Last year, NASA sent a supply spaceship to the International Space Station (ISS). Its goods included thousands of tardigrades(缓步动物). These creatures,each small enough to fit on the tip of a pencil, can be found just about anywhere: in oceans, trees, and probably your backyard. Scientists say some tardigrades would continue to exist even if most other life-forms on Earth were wiped out.
Tardigrades are survivors, which makes them well suited for space travel. Some can take about a thousand times the amount of radiation(辐射) that would kill a human. Unlocking how they can do that is important if we hope to send people to Mars someday. "If we can learn the tricks that tardigrades use to protect themselves," biologist Thomas Boothby says, "We could develop technologies that could protect humans.
The tardigrades on the ISS came from Boothby's lab at the University of Wyoming. Antecedent experiments exposed tardigrades to big doses(剂量) of radiation, and scientists made many amazing discoveries in this field. This time, Boothby wants to find out how they respond to low doses of radiation over a long period. That's the kind of exposure people living in space would get.

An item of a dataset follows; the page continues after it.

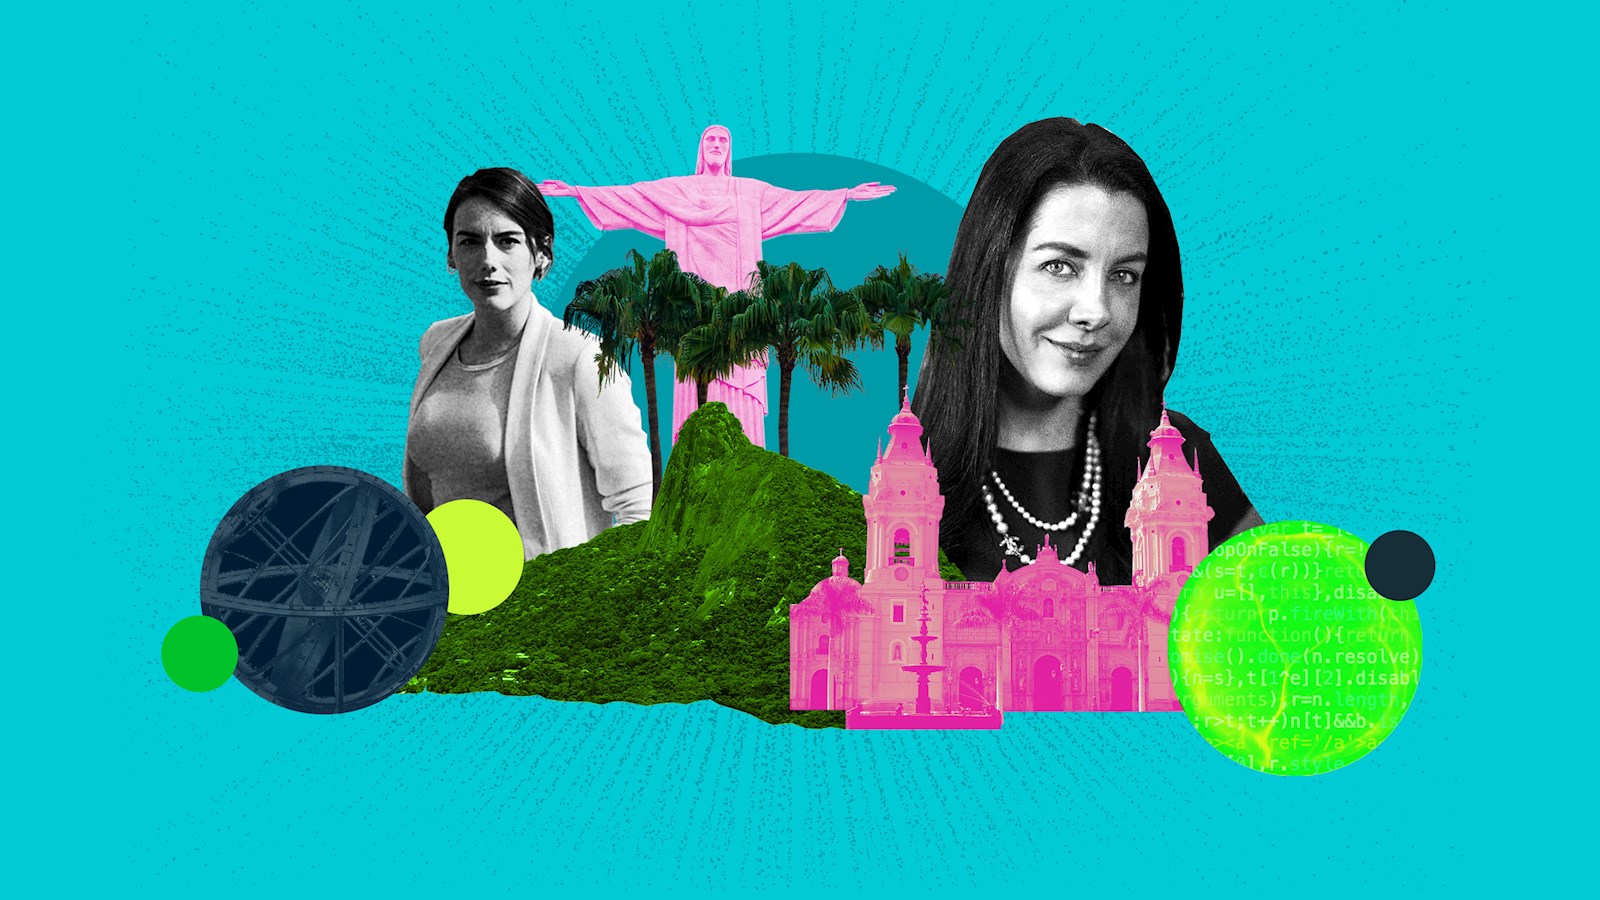 In conversation: Luciana Rodrigues and Cristina Risso

One way tardigrades protect themselves is by entering what's called a tun(桶)state. This adaptation lets them survive in places that dry out many times a year. Tardigrades dry up too. They curl(弯曲) up into tuns, or little balls,producing substances(物质) that protect their cells from damage. Their metabolism(新陈代谢)shuts down. They "essentially stop to live," Boothby says. "And they can stay like that for years or even decades."When water returns, tardigrades spring to life.
With this knowledge, scientists could develop foods that boost protective chemicals in astronauts' bodies. This might keep away from the effects of radiation. There is still lots of research to be done. "Right now, we're in the learning phase(阶段)," Boothby says, adding that other scientists will build on his research. "That's just the way science works."